→ DATASET CONTENT:

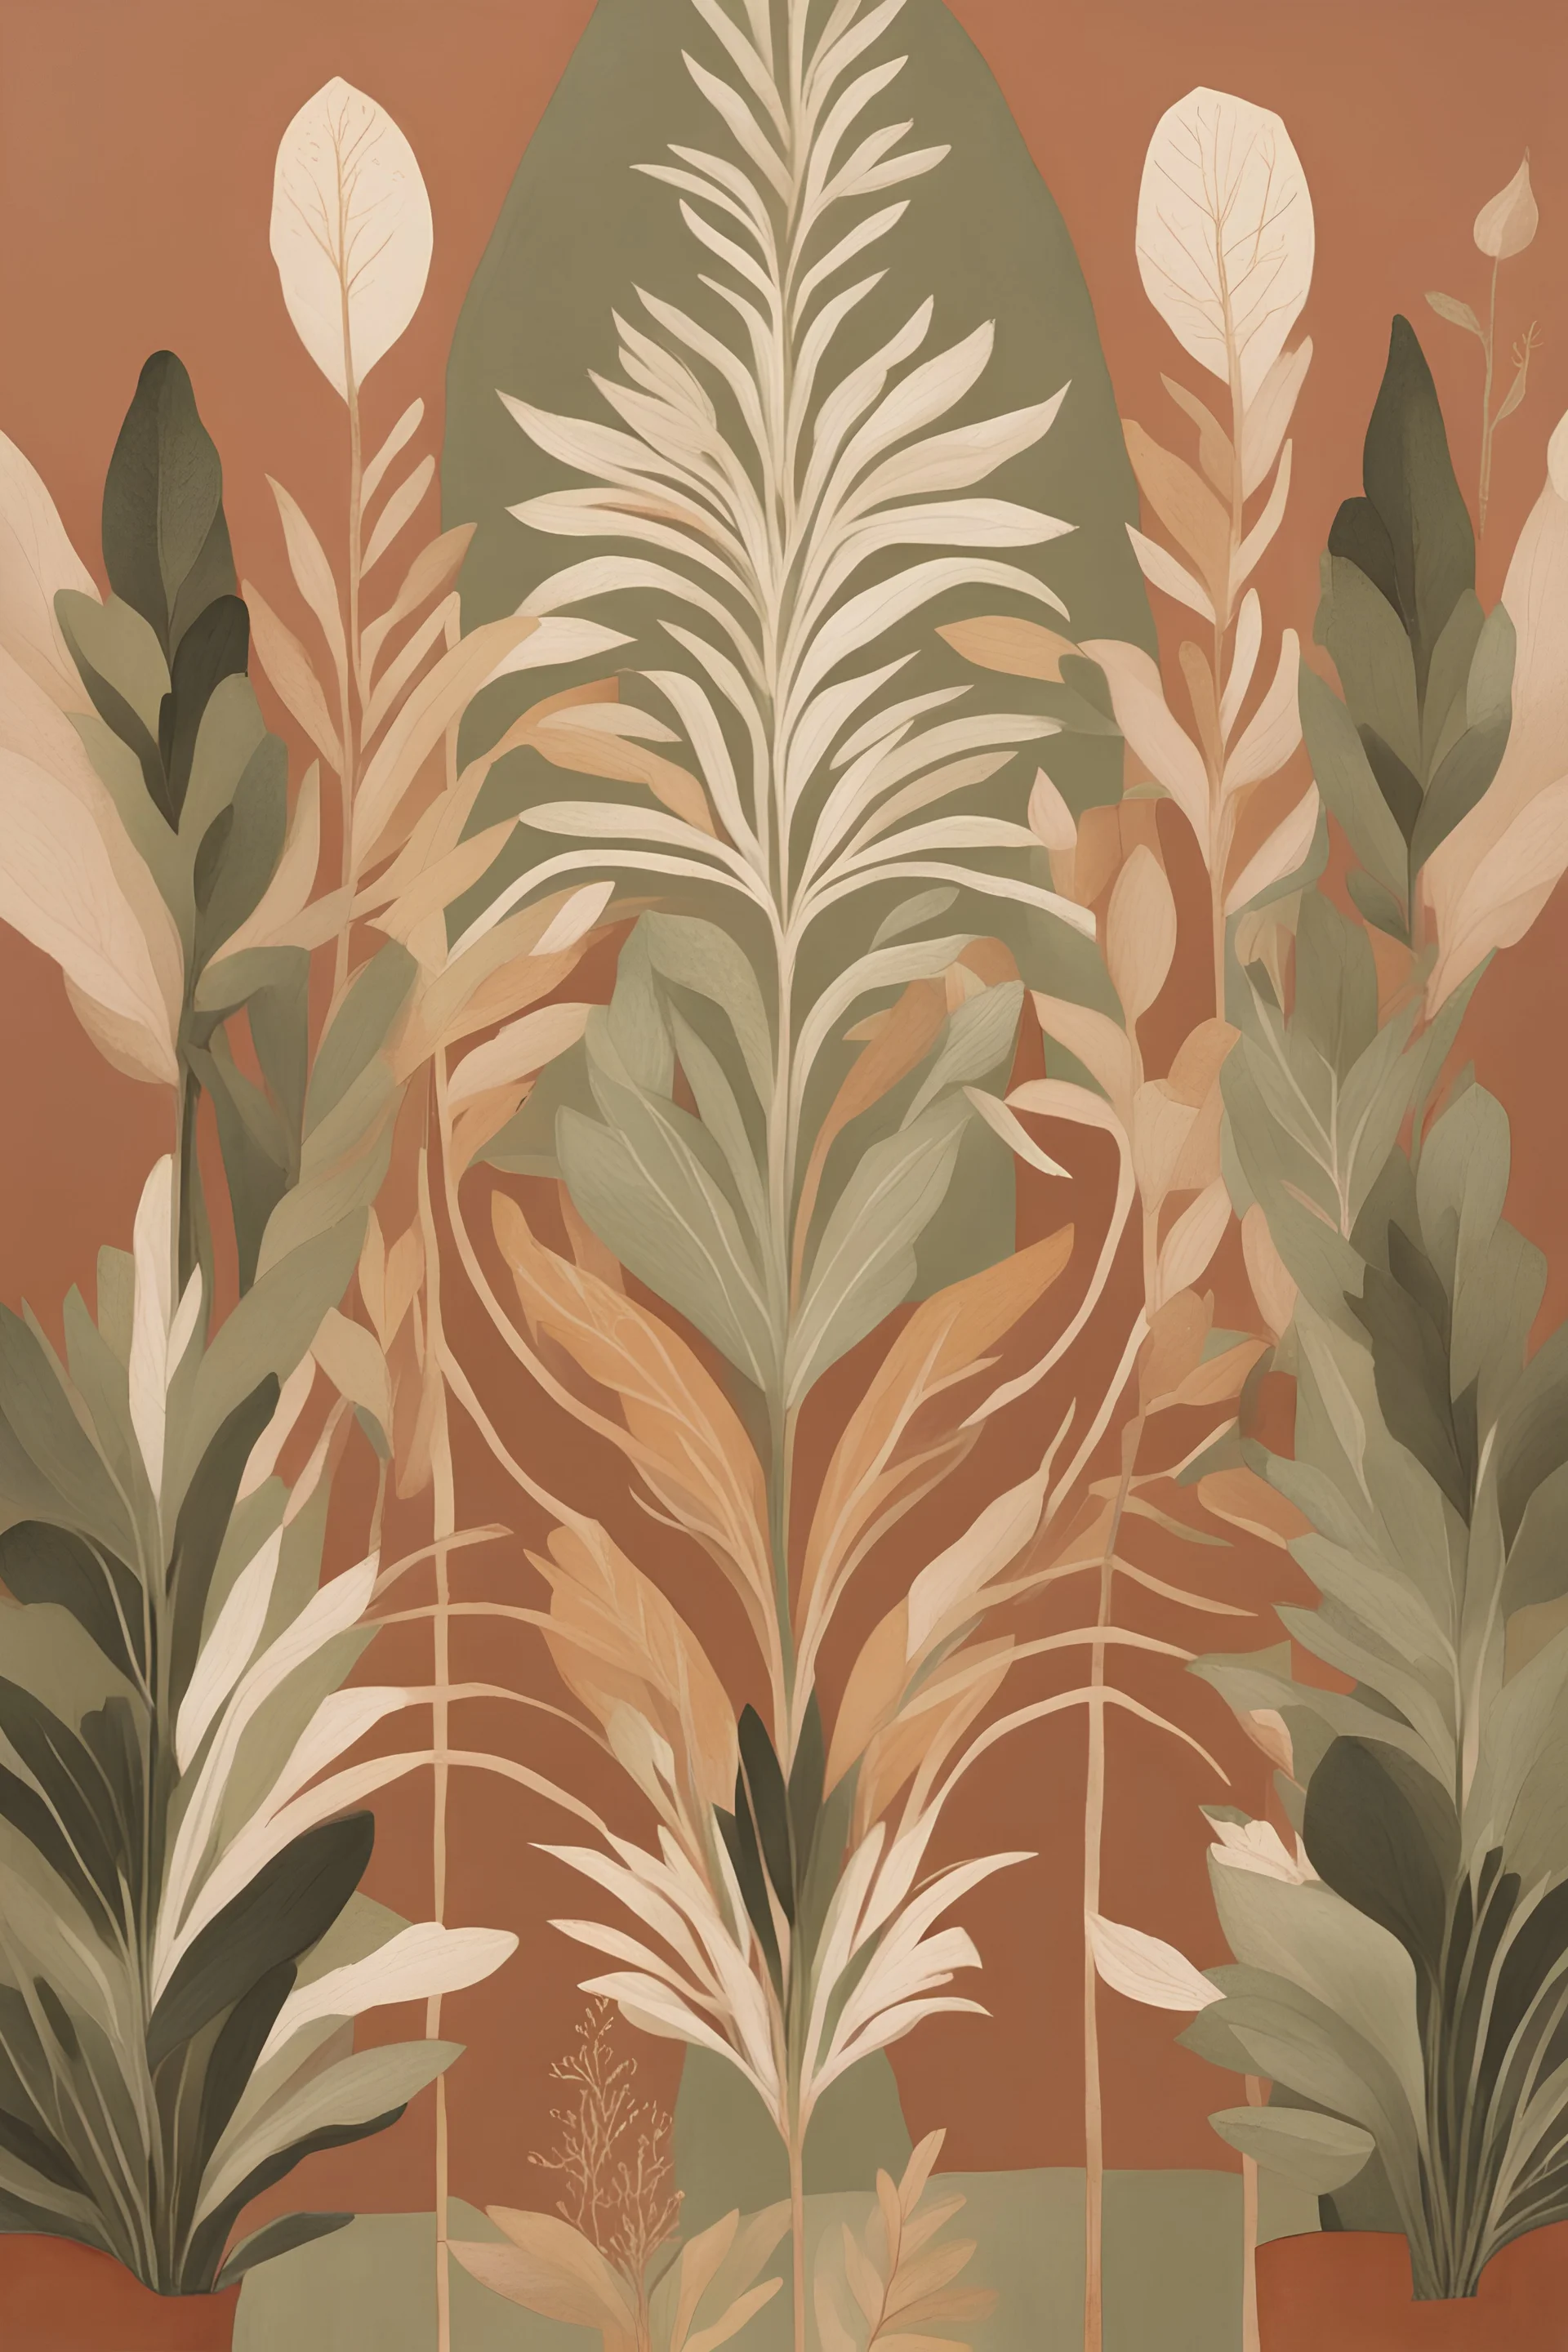 Generate a handpainted mural inspired by the earthy tones of nature. Use symmetrical patterns in terracotta and olive green, complemented by beige and gold details for a sophisticated and organic feel.
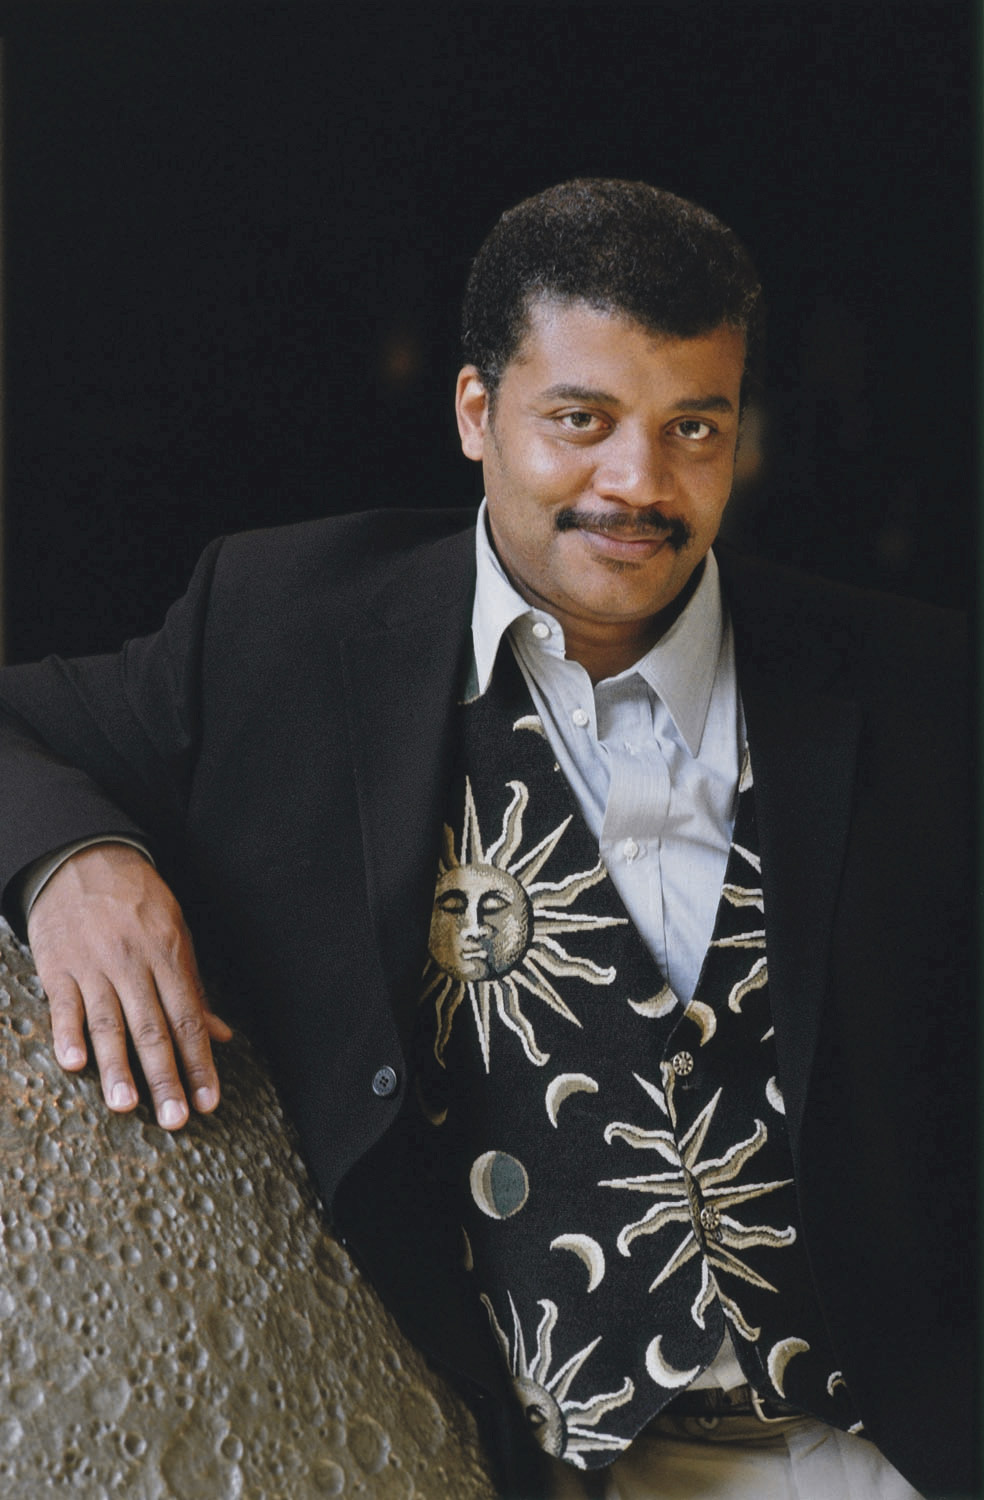 Neil deGrasse Tyson looking into the camera while leaning on the large, three-dimansional model of the Moon.
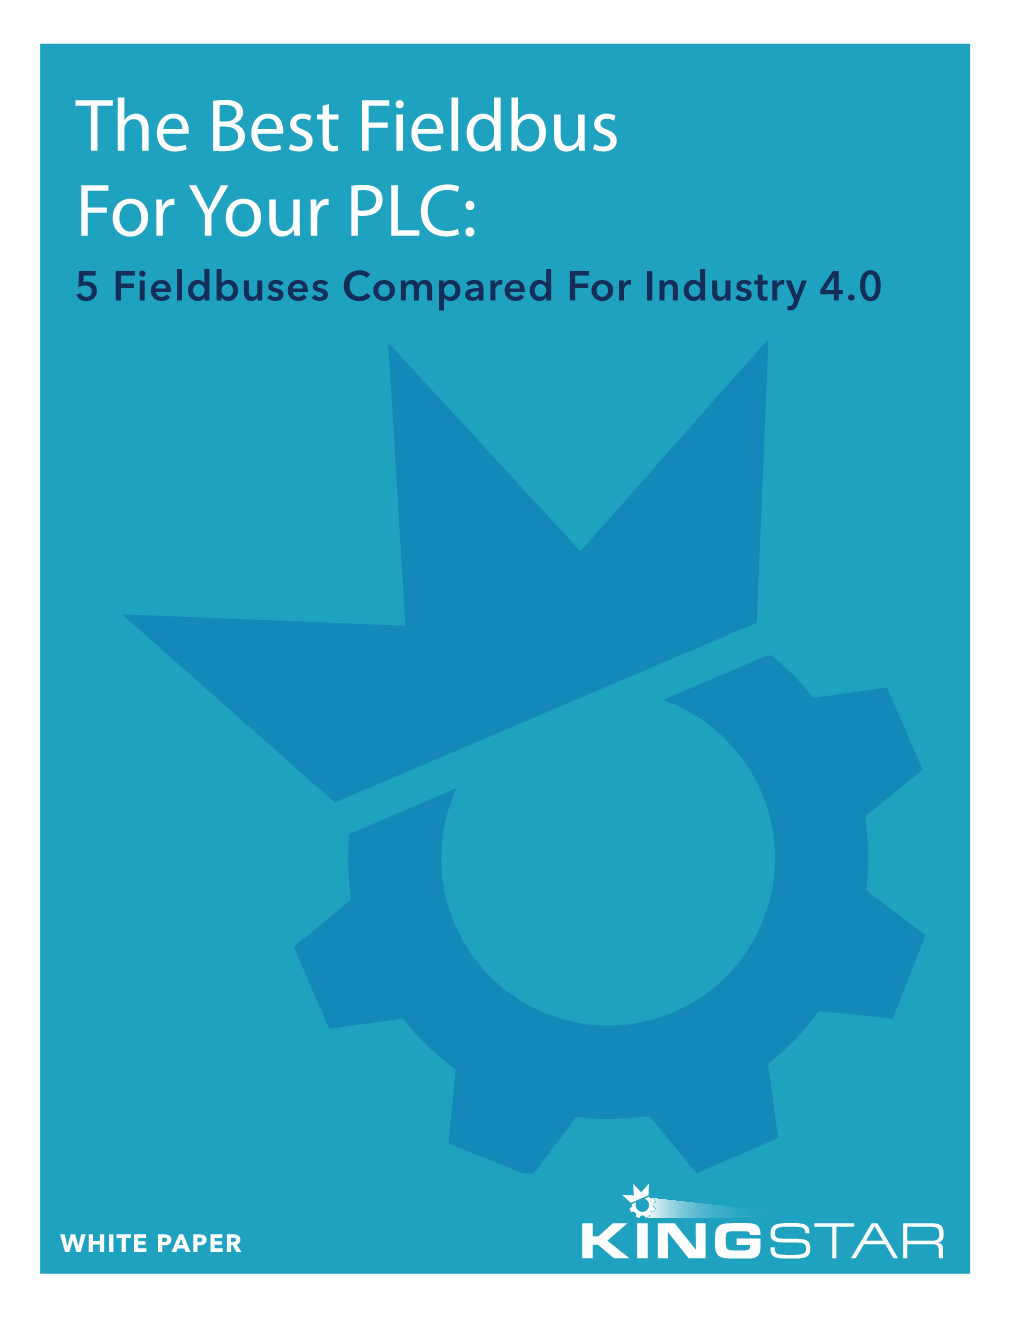 The Best Fieldbus for Your PLC: 5 Fieldbuses Compared for Industry 4.0

→ EXERCISE AIM: Repeat the data in full, exactly as it stands, but drop every picture.

→ REPLY:
 Generate a handpainted mural inspired by the earthy tones of nature. Use symmetrical patterns in terracotta and olive green, complemented by beige and gold details for a sophisticated and organic feel.
 Neil deGrasse Tyson looking into the camera while leaning on the large, three-dimansional model of the Moon.
 The Best Fieldbus for Your PLC: 5 Fieldbuses Compared for Industry 4.0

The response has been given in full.